Like many of the tragedies that befall the poor in Mexico, the full story of the three lost fishermen has turned out to be a complicated and hazy affair. The saga of Rendon, Salvador Ordonez and Jesus Vidana involves illegal immigration, suspicions of unlicensed fishing, petty theft and two “ghosts.”

Mexico’s attorney general said this week there is no evidence the men were drug smugglers.

Noemi Becerra reacts as she holds her son, Lucio Rendon, Friday upon his arrival to Tepic City airport. Rendon was one of three fisherman who say they were stranded in the Pacific Ocean for nine months.

Family members say the three are typical fishermen. When they left San Blas on Oct. 28, with two other men, they didn’t notify port authorities, or even many members of their family – not unusual where many people fish illegally.

The survivors have said they set off in search of shark, but have not said if they were licensed. Their first night out, they lost a fishing line. While trying to find it the next morning, their engines ran out of gas. They began to drift.

One of the men, known to the others only by the nickname “El Farsero,” died in January. Fifteen days later, a second man, known to the others as “Juan” died. The men either wouldn’t eat or couldn’t hold down the raw fish the others were eating to survive.

In a television interview Friday, Ordonez, 37, said after months adrift the men had no idea where they were.

The men read a Bible. When a storm ripped out the Apocalypse chapters, they took it as a good sign.

They collected rainwater to drink. Ordonez remembered advice from a government-sponsored survival course: eat as little as possible and drink fish blood to stay hydrated. (Officials in San Blas confirmed that Ordonez completed the course in 2004).

The three drifters were asleep when they were rescued Aug. 9. The Taiwanese crew of the Koo’s 102, based in the Marshall Islands, found the men. For 12 days, until the boat pulled into port, the skinny and sunburned survivors recuperated, sharing meals of rice and noodles with the crew.

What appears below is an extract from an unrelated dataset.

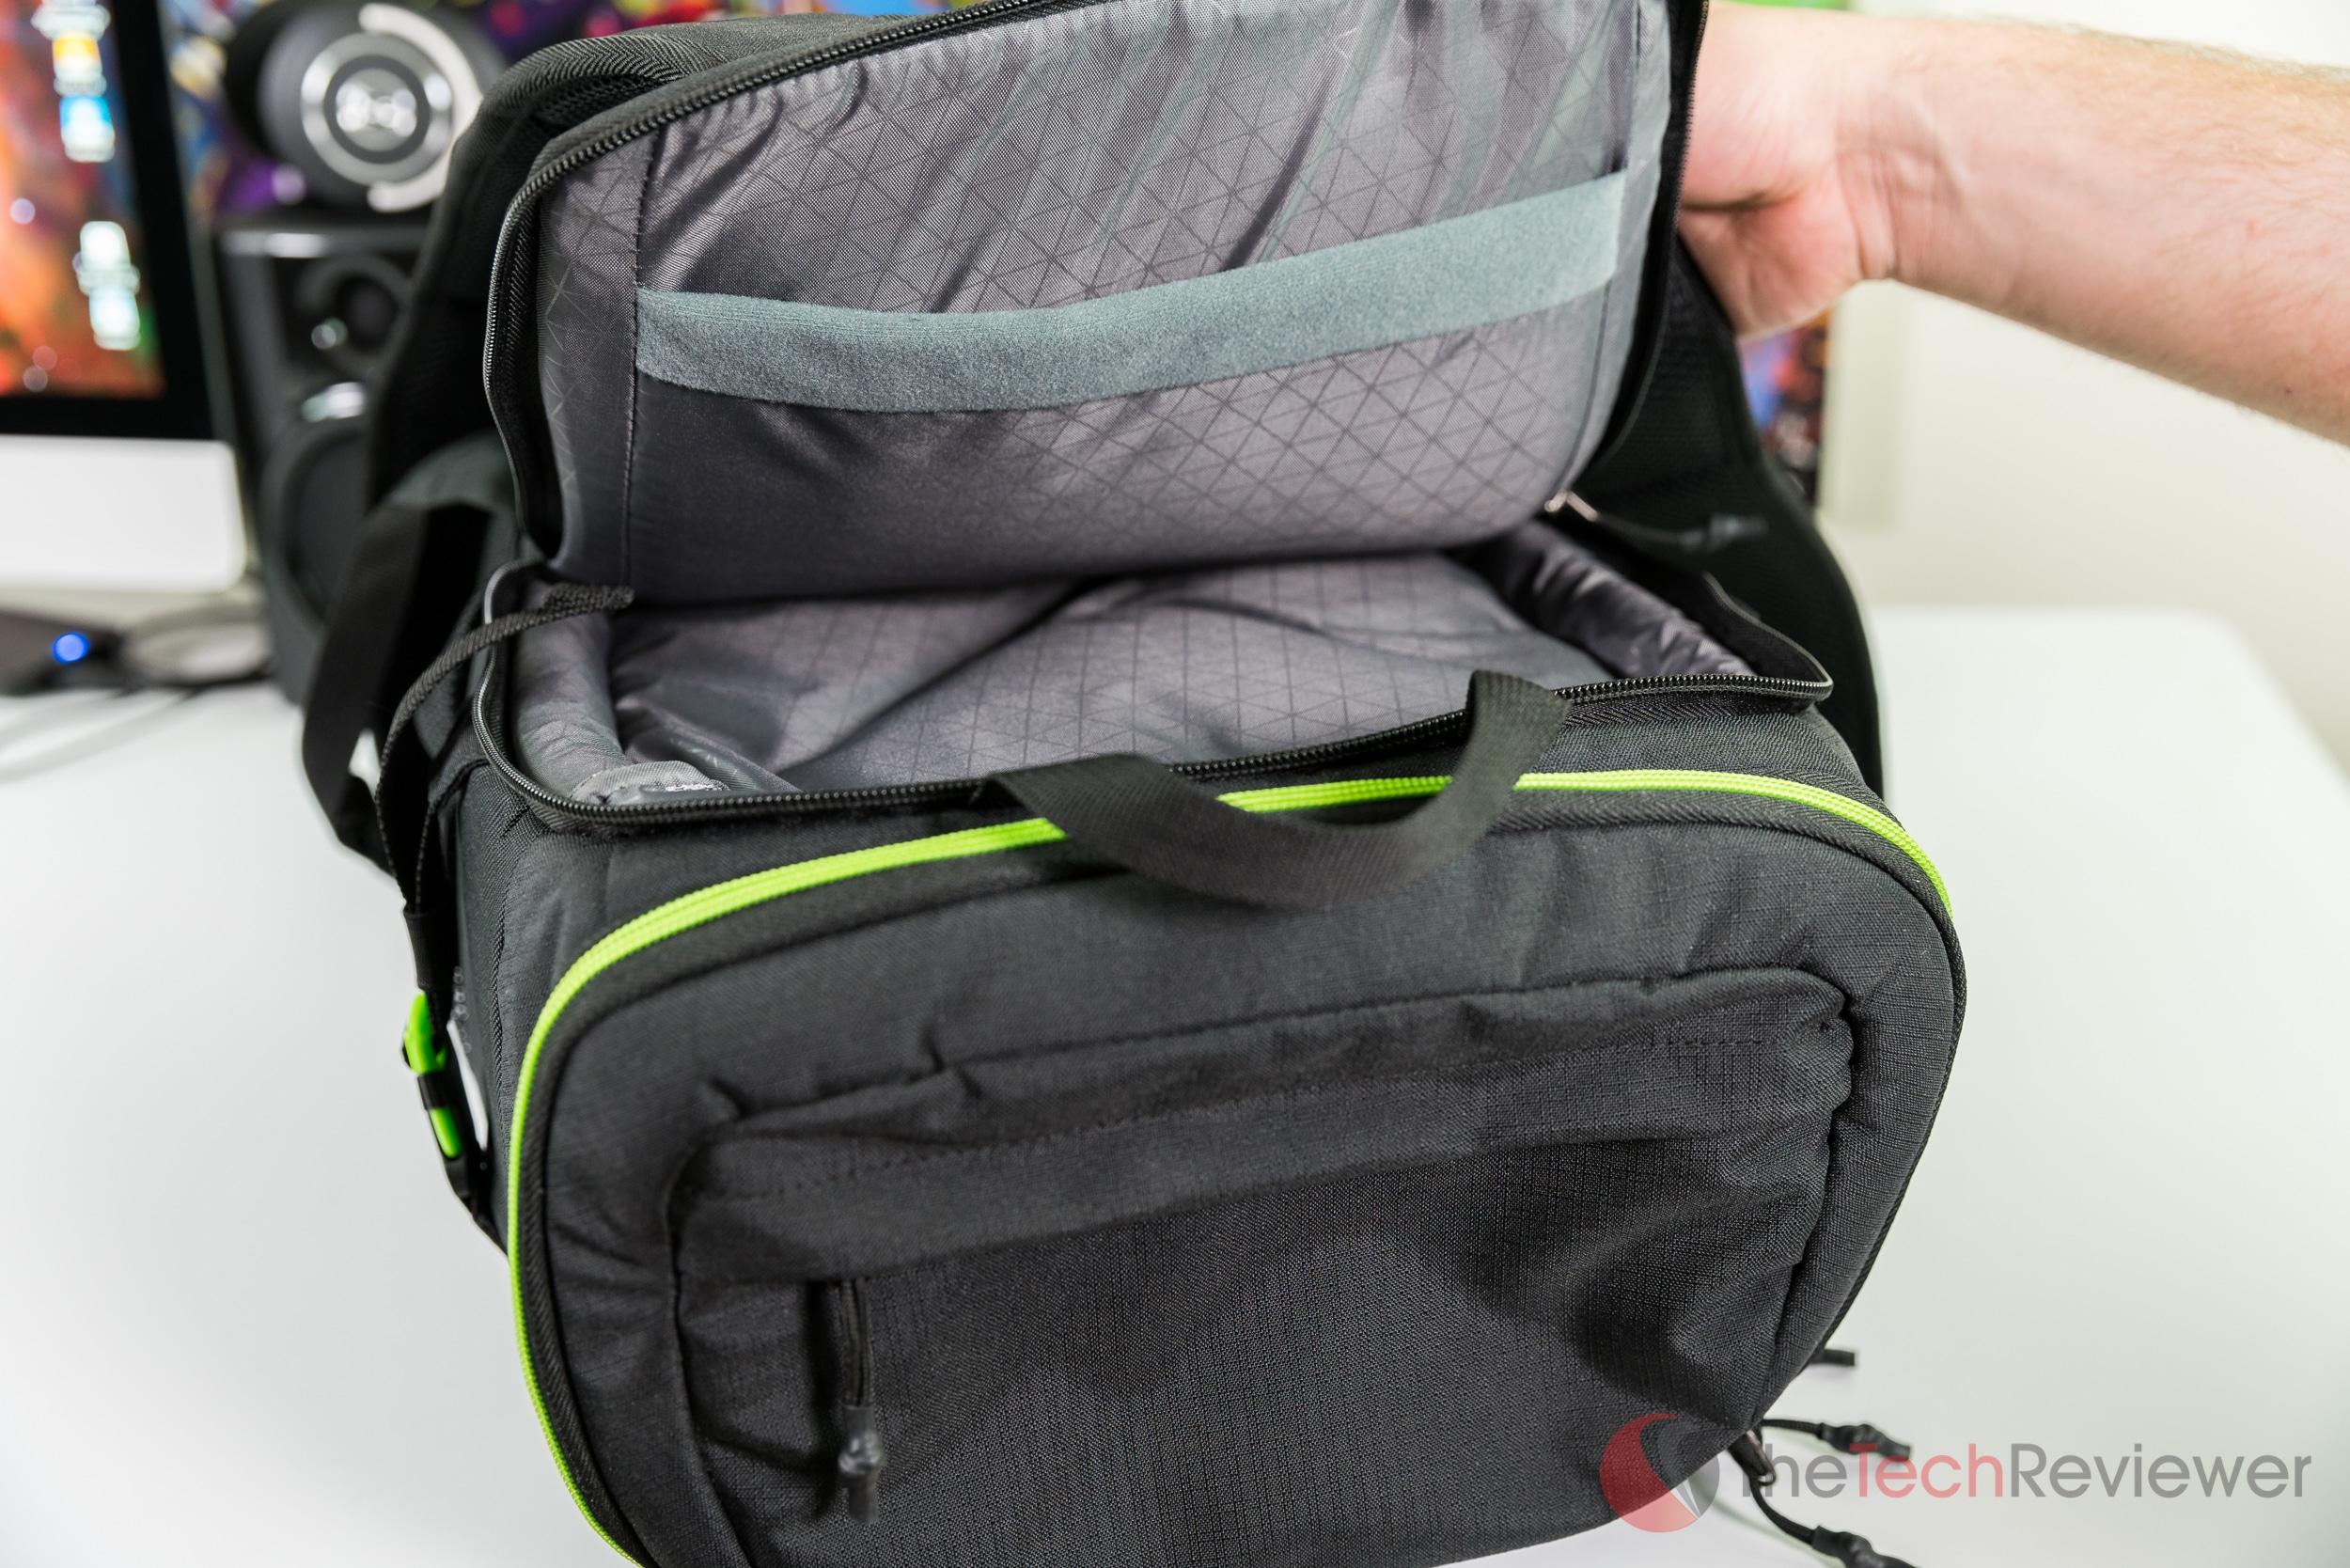 Case%20Logic%20Kontrast%20DSLR%20Backpack-5

Little has been discovered about the two men said to have died at sea. “Up to now they are only ghosts,” the newspaper El Universal wrote Tuesday. “No one knows their full names or where they’re from. It’s as if they never existed.”

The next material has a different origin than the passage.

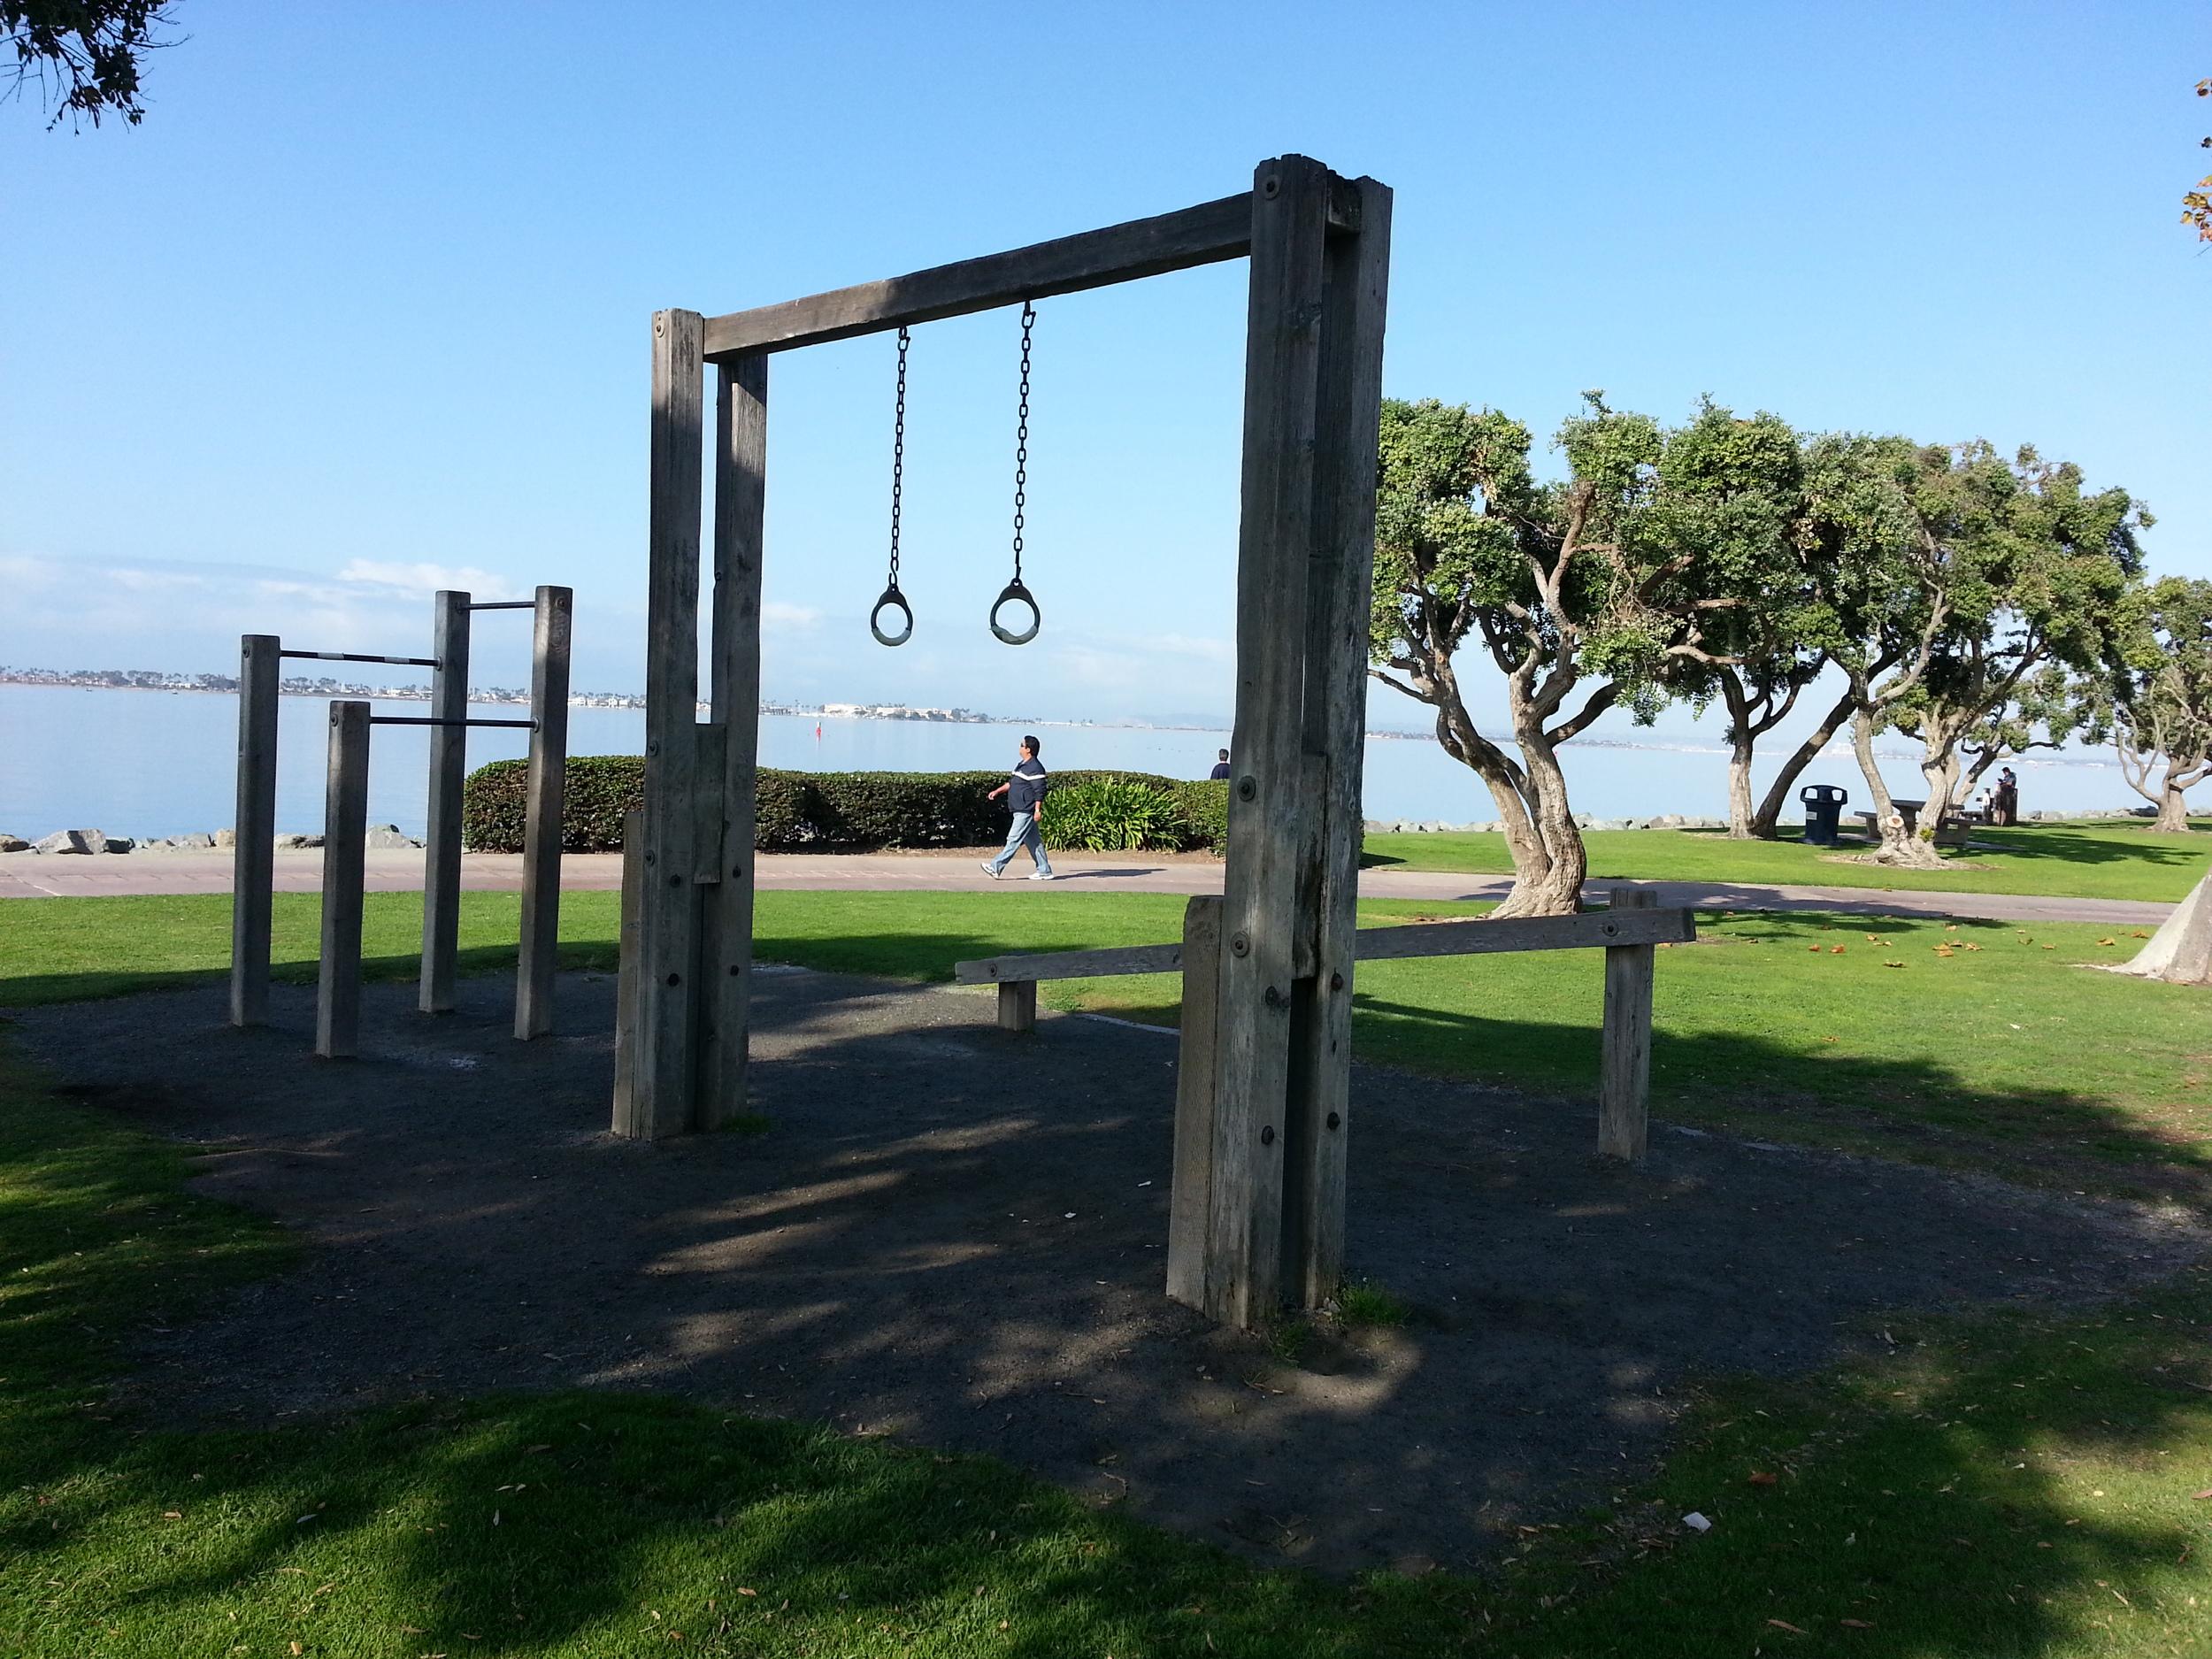 Gymnastic Rings in San Diego

At Friday’s airport news conference, a radio reporter asked the three men if they would take a lie detector test to prove their story was true.

Yes, the fishermen answered.

After the news conference, producers from the rival Televisa and Azteca television networks engaged in a shoving match over who would get the first “exclusive” interview with the three men: Televisa ended up with two of the survivors, Azteca with one.